Studio album by Takako Minekawa
- Released: July 7, 1999
- Studio: Burning Trailer
- Genres: Shibuya-kei; art pop; electropop;
- Length: 36:17
- Label: Polystar
- Producers: Takako Minekawa; DJ Me DJ You; Keigo Oyamada;

Takako Minekawa chronology
| Ximer... C.C.C. Remix (1998) | Fun 9 (1999) | Maxi On (2000) |

Alternative cover
- Emperor Norton issue

= Fun 9 =

Fun 9 is the fourth studio album by Japanese musician Takako Minekawa. It was released on July 7, 1999 by Polystar. The album was released on November 16, 1999 in the United States by Emperor Norton Records.
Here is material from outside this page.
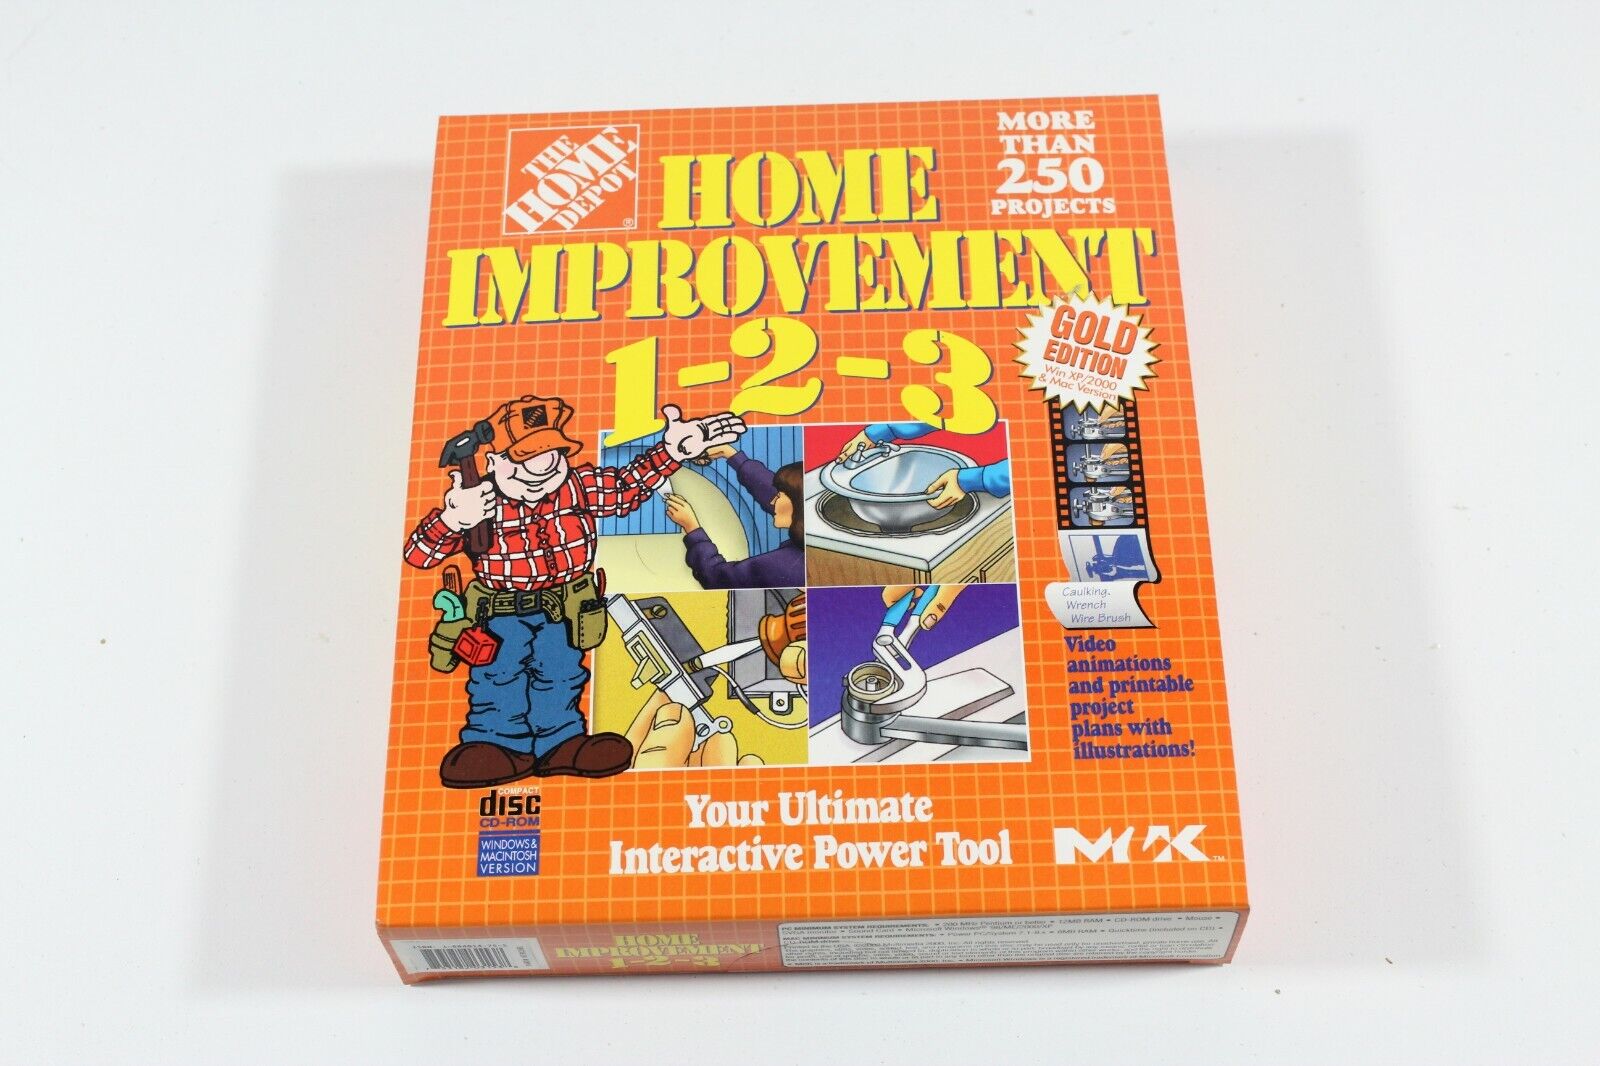 Home Depot: Home Improvement 1-2-3 Your Ultimate Interactive Power Tool Software
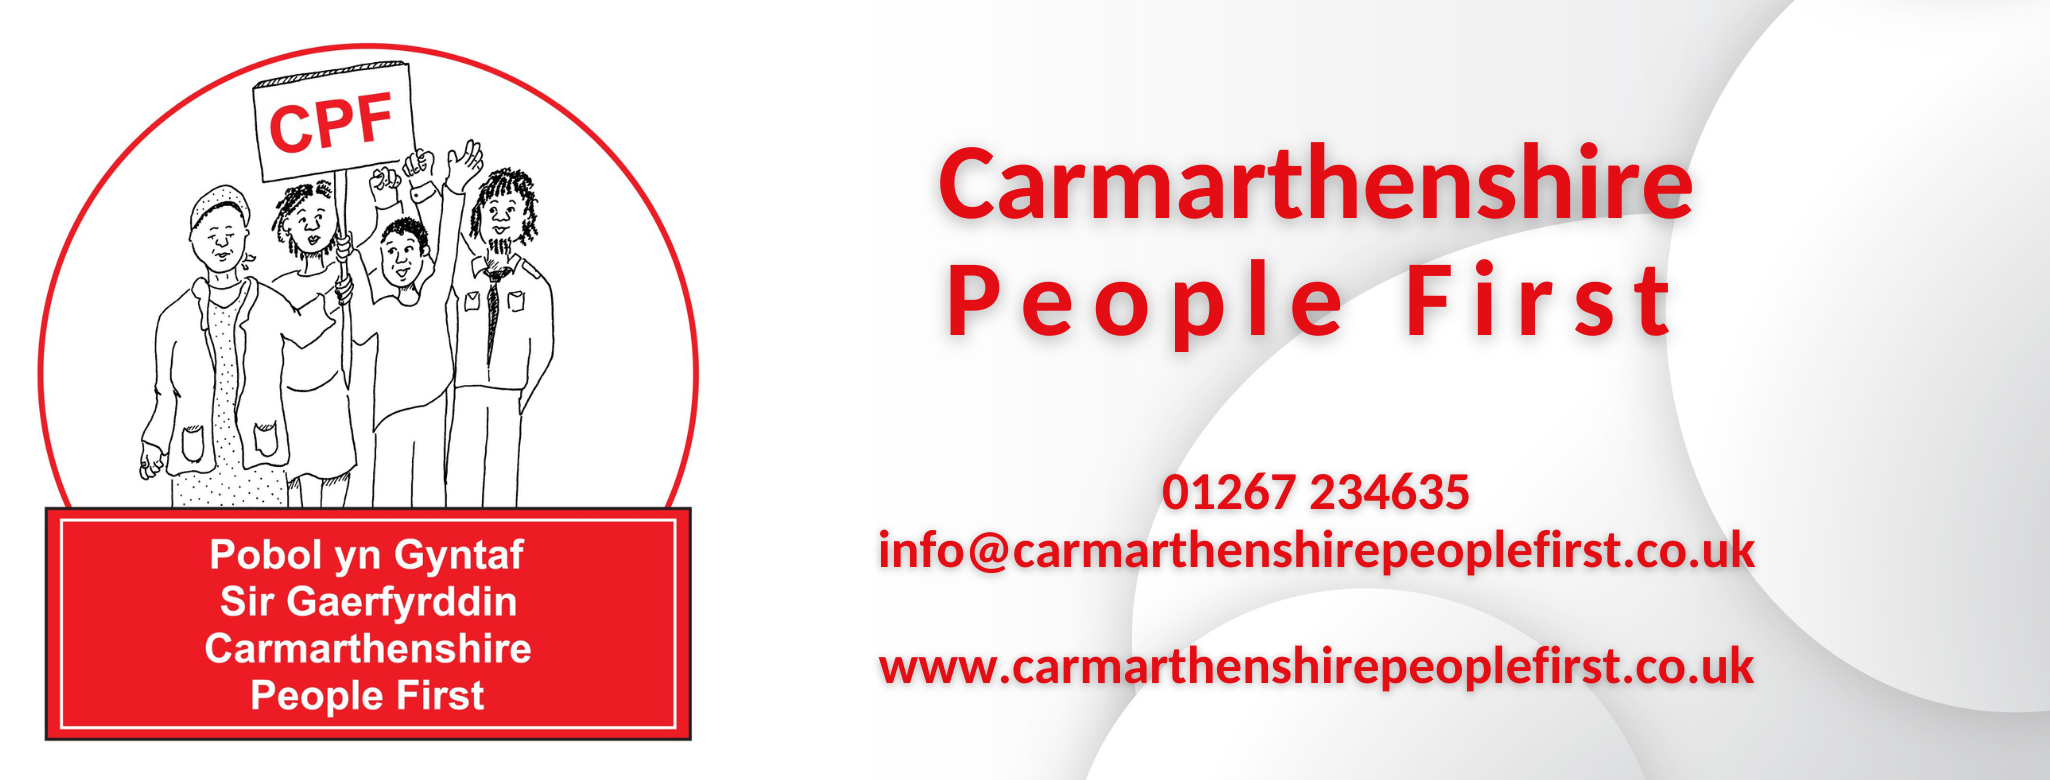 Carmarthenshire People First logo

The album's title is pronounced "fun-kyū", the latter half of the title referring to the Japanese equivalent of the numeral 9, and is intended to sound similar to the word "funk".

==Critical reception==

Heather Phares of AllMusic wrote that Minekawa had produced a "more eclectic and polished" record while retaining her "playful musical vision", crafting "a wide array of lush, lighthearted songs into an album that is as self-assured as it is fun".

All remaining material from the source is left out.